New kernel blog post

content/news/kernel-10.md

++++
+title = "Significant performance and correctness improvements to the kernel"
+author = "Jacob Lorentzon (4lDO2)"
+date = "2024-03-29T17:00:00+01:00"
++++
+
+# Introduction
+
+Ever since my demand paging RSoC project was completed last summer, there have
+been numerous additional incremental improvements to the kernel, including
+fixes, simplifications, and some significant optimizations. The changes can be
+divided into the "correctness" and "performance" categories, even though there
+is a relatively large overlap.
+
+# Correctness
+
+## Physalloc replacement and complete frame bookkeeping
+
+Although the demand paging MR did formalize the different types of grants,
+which previously merely indicated _where_ user memory areas were, and frames
+got proper bookkeeping such as the refcount, that __was very much not the case
+for physallocated frames.__ Requiring root, they were simply treated as "borrowed
+physical memory" (`PhysBorrowed`), which is intended to be used by drivers to
+map device memory or other pages, not controlled by the frame allocator. As a
+result, some checks had to be worked around, and __driver bugs could cause kernel
+memory corruption__.
+
+This was fixed in the [phys_contiguous mmap
+MR](https://gitlab.redox-os.org/redox-os/kernel/-/merge_requests/265), which
+replaces the physalloc syscalls with a special memory scheme file,
+`/scheme/memory/phys_contiguous?<memory type>`, instead used together with
+regular mmap. As a result, deallocation is fully automatic, and most
+importantly, the kernel will now __deny any attempt to map allocator-owned
+memory as "physically borrowed"__! This should protect against e.g. faulty ACPI
+AML code, but if this rule turns out to be too restrictive, it only requires
+one line of code to disable.
+
+## TLB shootdown
+
+Virtually all CPUs supporting virtual memory, have a Translation Lookaside
+Buffer to cache commonly used mappings. This makes page unmaps in multithreaded
+programs more complex, as they need to ensure the TLB is up-to-date in all
+other threads before they can free the frames, a mechanism called _TLB
+shootdown_. That involves interrupting the other CPUs to get them to flush
+their TLBs, in a synchronized way.

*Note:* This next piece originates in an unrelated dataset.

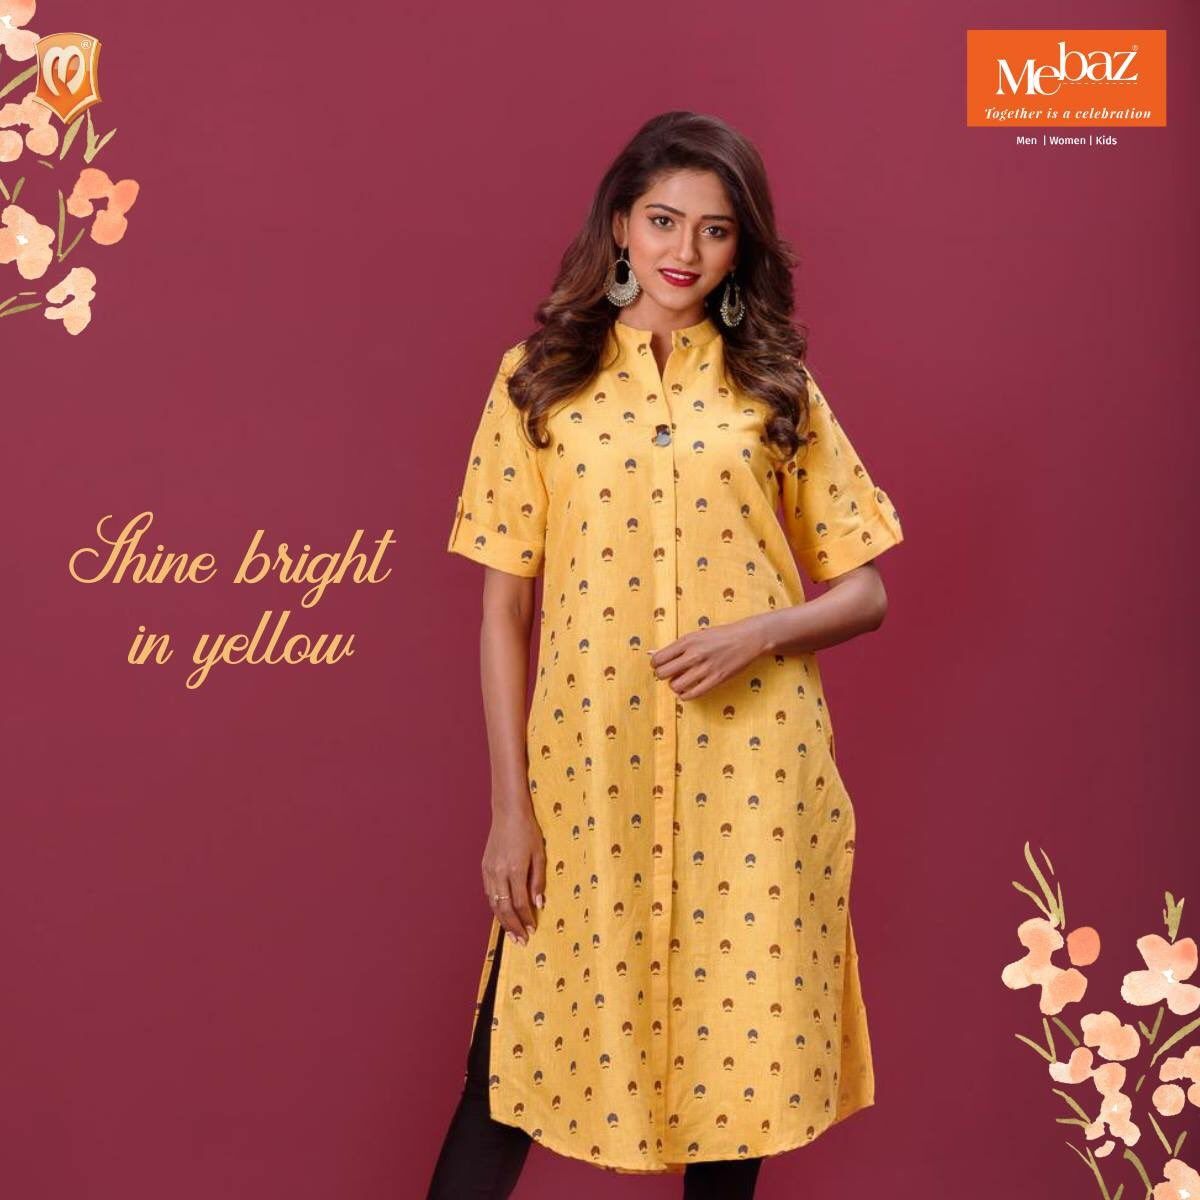 0c0bc240ba Shop online at http://www.mebaz.com today! #Mebaz #Style #design #fashion  #yellow #kurti #chiquepic.twitter.com/35jrtIRzcd

The signals MR described below
+initially did not work due to double frees elsewhere, caused by the lack of TLB
+shootdown. This has now been fixed.
+
+## Improved signal handling
+
+The previous signal code was problematic, in that it simply implemented
+userspace-like signals except also in the kernel, by copying and restoring the
+kernel stacks. This meant that a Ctrl-C interrupt could cause a thread to
+`exit()` before running destructors, for example resulting in a bug [where
+Orbital windows were not properly
+closed](https://gitlab.redox-os.org/redox-os/kernel/-/issues/117).
+
+This was fixed in the [signals
+MR](https://gitlab.redox-os.org/redox-os/kernel/-/merge_requests/283). Some
+schemes need to implement scheme call cancellation, however, before interrupted
+syscalls can fully work.
+
+## Misc
+
+Additionally, bjorn3 has fixed a lot of UB and other bugs in the kernel,
+including the part that bootstraps into userspace, as well as deduplicate most
+i686 and x86_64 code. The userspace-bootstrap change makes it easier to add
+support for other bootloaders, such as GRUB, by integrating the bootstrap
+executable (which is responsible for setting up a stack, opening standard file
+descriptors, and creating the environment necessary to start the relibc
+userspace, and execute init) into the initfs image.
+
+An important fix as part of that, is that the initfs image including bootstrap,
+is no longer mapped to address 0x0. This proves once again how important it is
+not to create any Rust reference to NULL, which in this case confused bootstrap
+thinking a `Some(&initfs_memory)` was `None`, as the slice pointed to NULL!
+
+# Performance
+
+## Kernel profiling
+
+Normally when optimizing userspace applications, profiling can be done easily
+using e.g. `perf record` or an integrated tool such as `cargo flamegraph`. When
+profiling a kernel however, the sampling part needs to be implemented from
+scratch. The current implementation uses non-maskable interrupt IPIs to
+interrupt other CPUs at scheduled intervals, which is necessary since
+interrupts are disabled almost everywhere in kernel mode. The NMI handler
+tracks whether the CPU was interrupted in user or kernel mode, and in the
+latter case, performs a stack trace and sends it to a ring buffer, which a new
+daemon `profiled` reads from, and extracts into a `perf`-compatible text
+format.
+
+Profiling userspace is yet to be implemented, possibly both as combined
+userspace and kernel profiling, or just userspace.
+
+With profiling enabled, this allows producing awesome
+[flamegraphs](https://brendangregg.com/flamegraphs.html), using
+[inferno](https://github.com/jonhoo/inferno)! At the time profiling was
+implemented, __the following is what it looked like when booting and starting
+NetSurf:__
+
+[![Profiling SVG for boot and starting NetSurf](/img/flamegraphs/boot-and-netsurf-before.svg)](/img/flamegraphs/boot-and-netsurf-before.svg)
+
+(Click on the flamegraphs to open them interactively.)
+
+As the flamegraph suggests, a very significant part of the time spent in the
+kernel, is spent allocating frames, in `rmm::BuddyAllocator`. In fact, in
+some cases a massive performance boost from [demand paging](/news/kernel-9) may
+have been strengthened in part because frame allocation was simply very slow.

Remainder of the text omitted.